Problem to work on:
Only one span of the material below is wanted. Output it exactly, from the line with "L'Inde, Rajasthan, Pushkar, pendant" through the line with "Nike Dri-FIT Therma", without any pictures.

Exercise inputs:
==*==

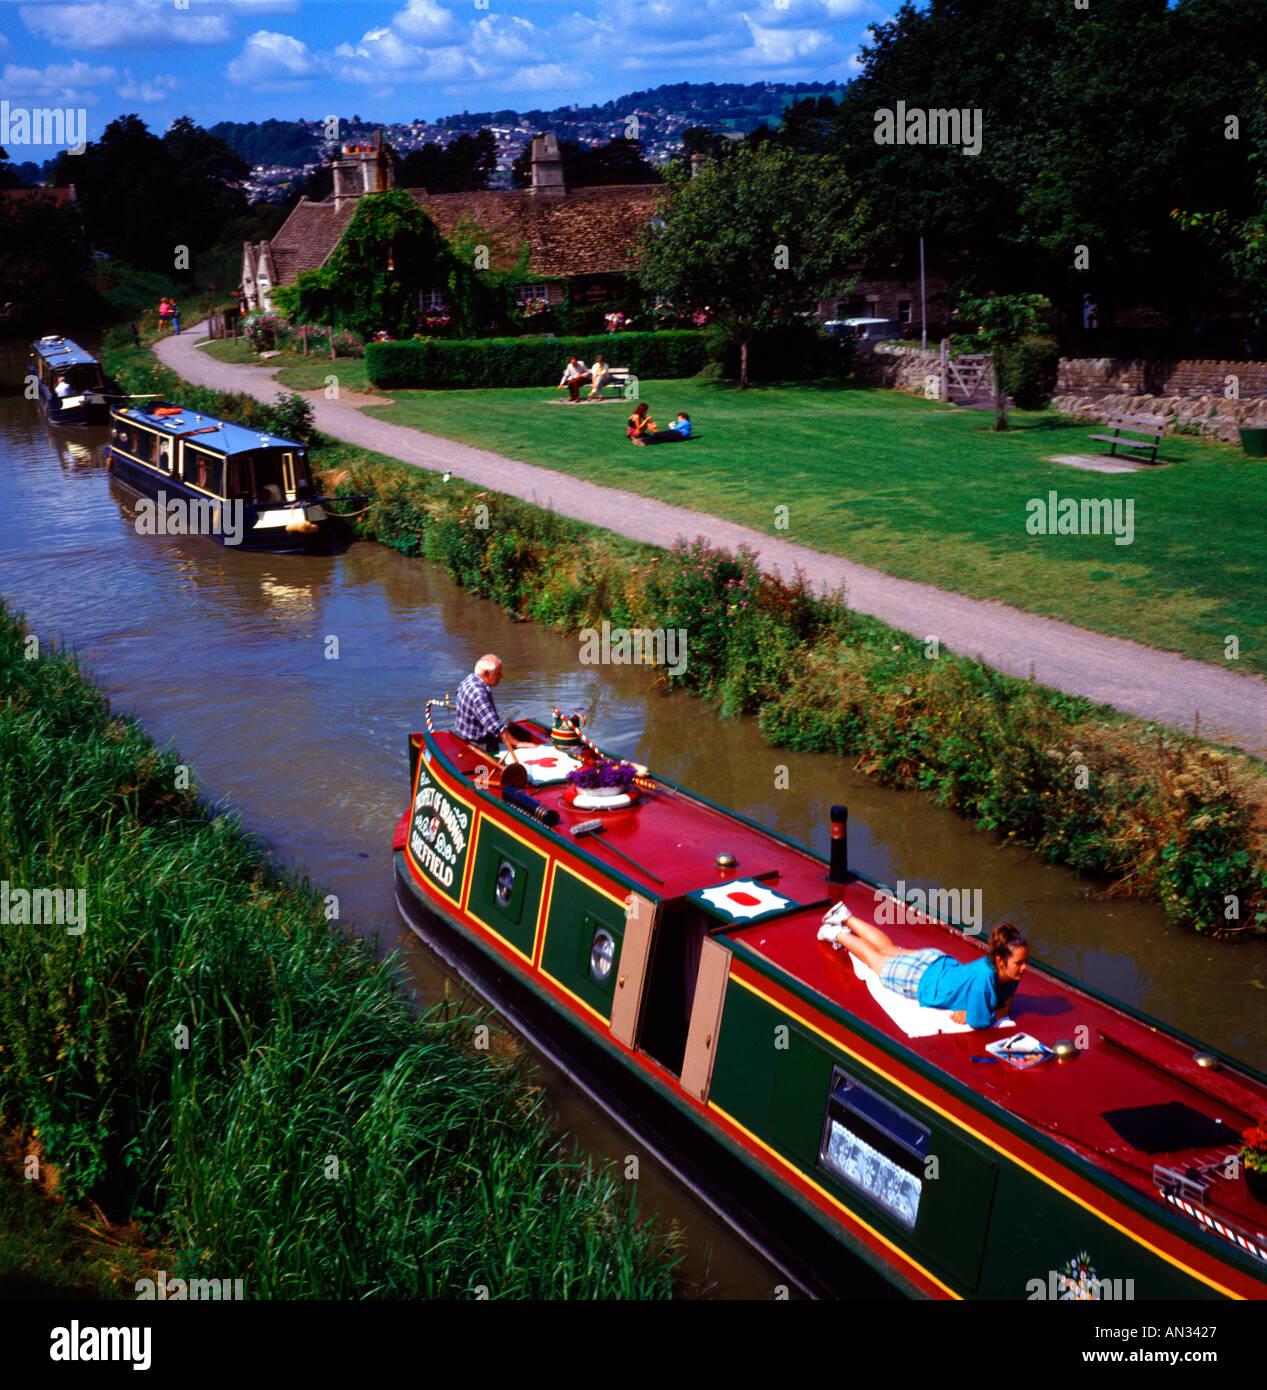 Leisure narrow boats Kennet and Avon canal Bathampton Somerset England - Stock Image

==*==

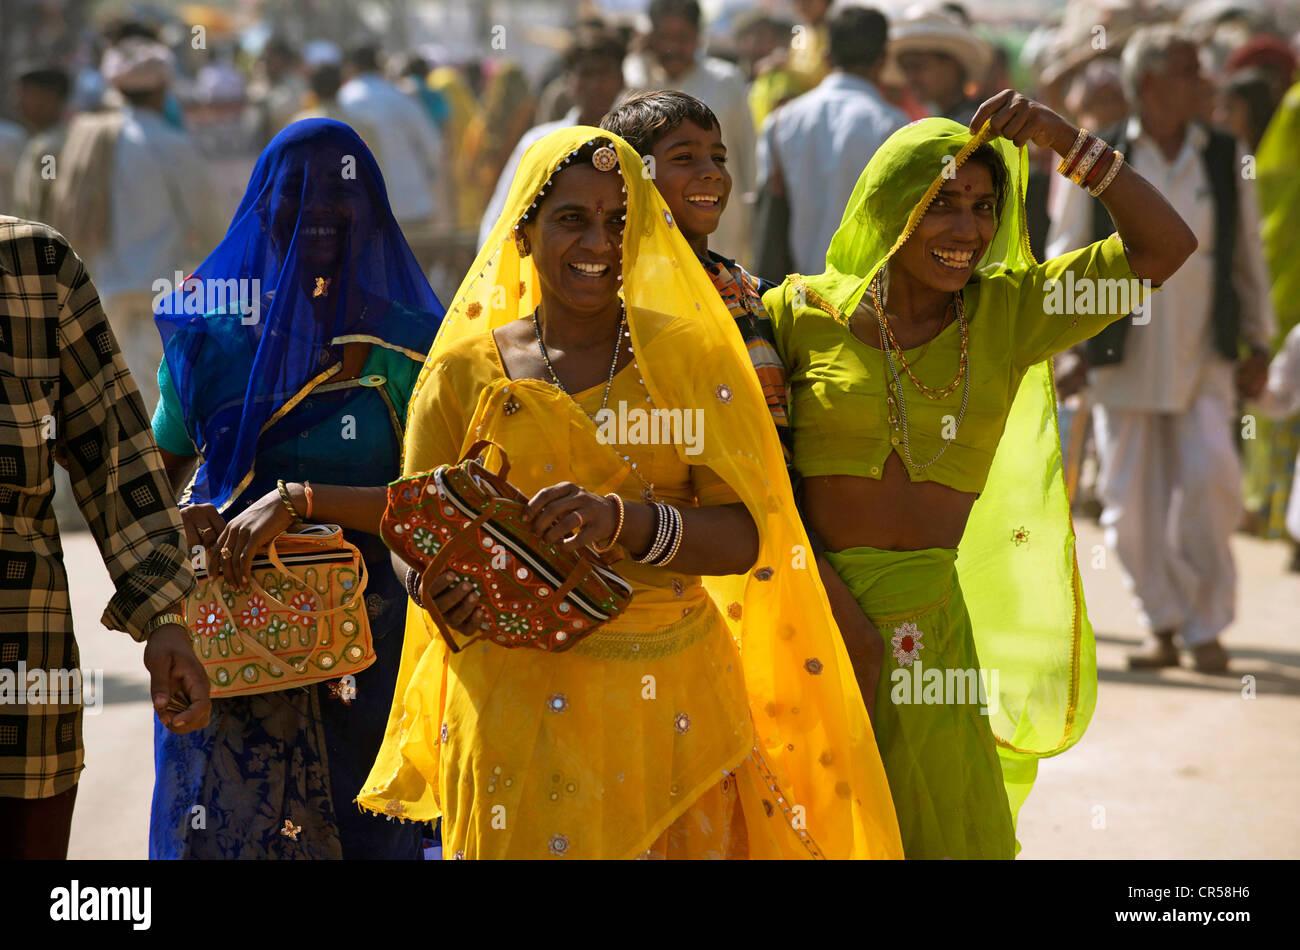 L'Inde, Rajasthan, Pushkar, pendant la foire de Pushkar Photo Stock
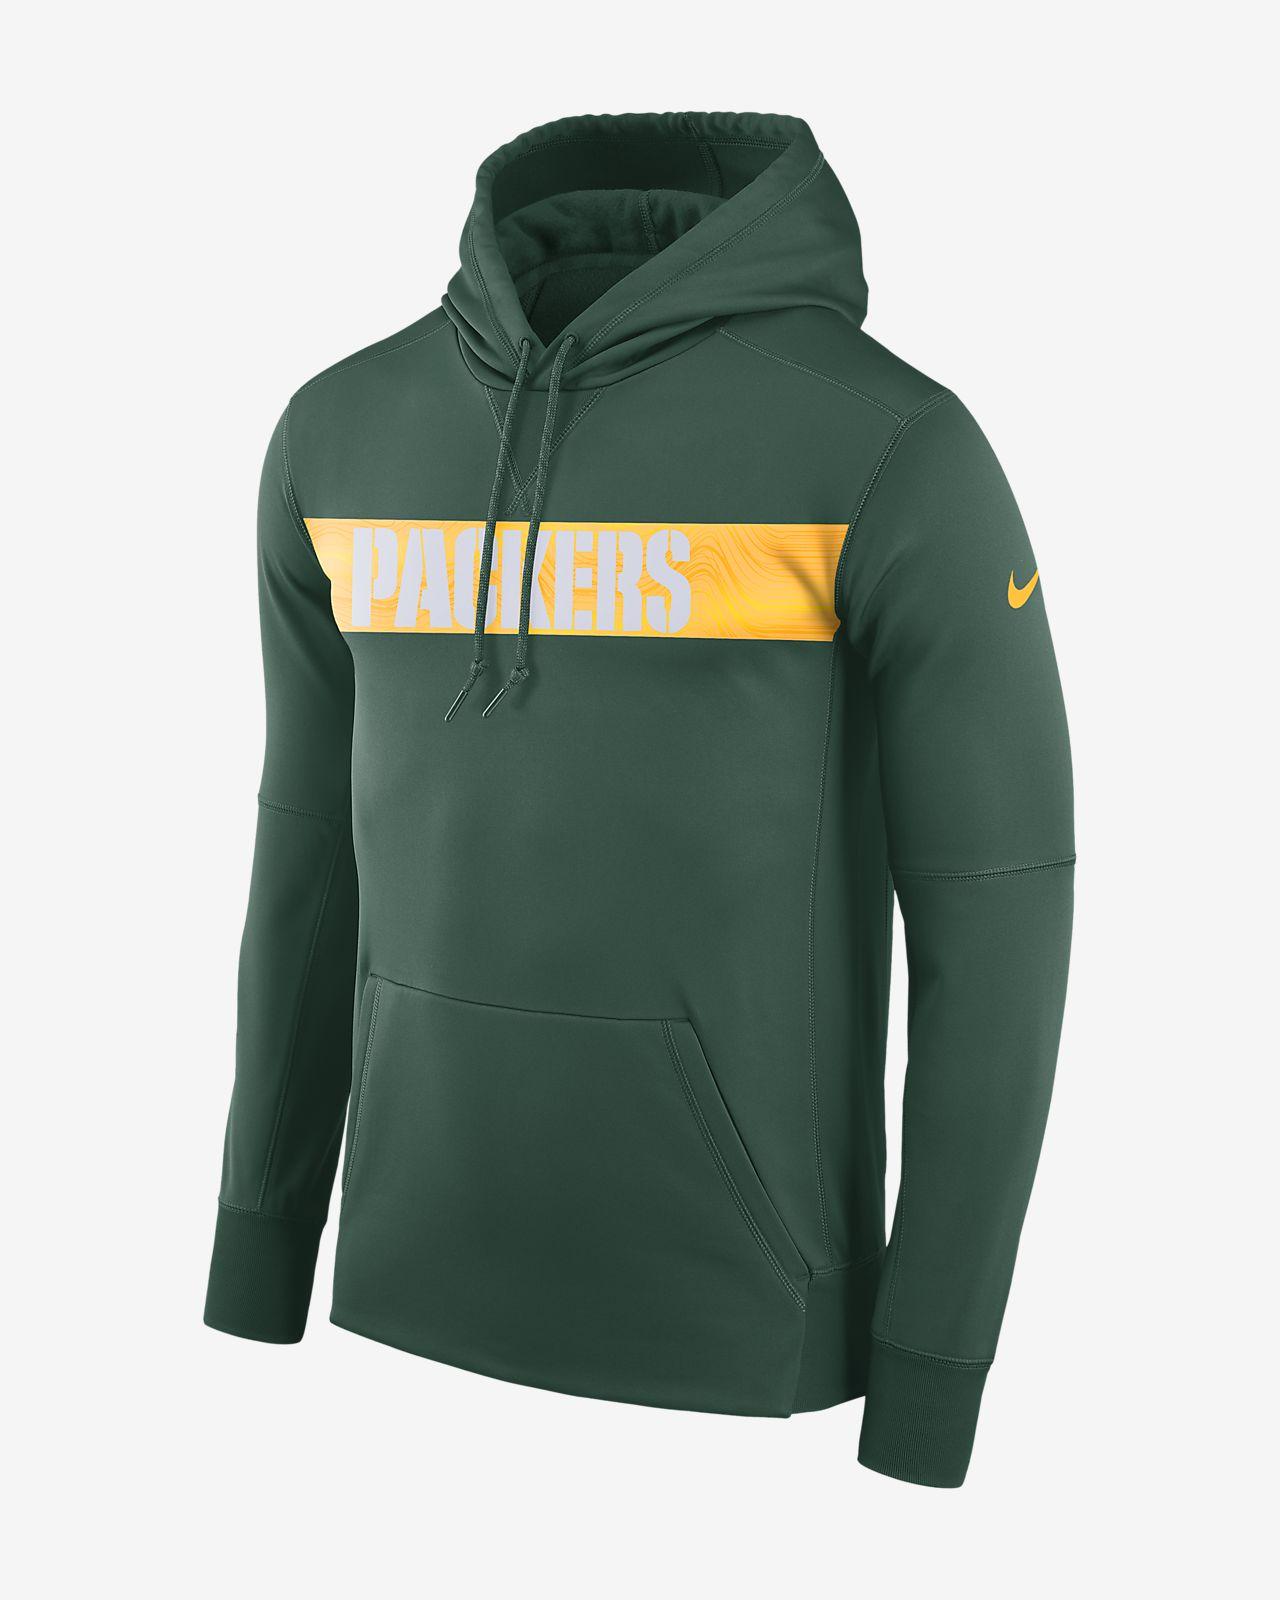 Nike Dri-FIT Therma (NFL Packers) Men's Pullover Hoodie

==*==

Solution to this exercise:
 L'Inde, Rajasthan, Pushkar, pendant la foire de Pushkar Photo Stock
 Nike Dri-FIT Therma (NFL Packers) Men's Pullover Hoodie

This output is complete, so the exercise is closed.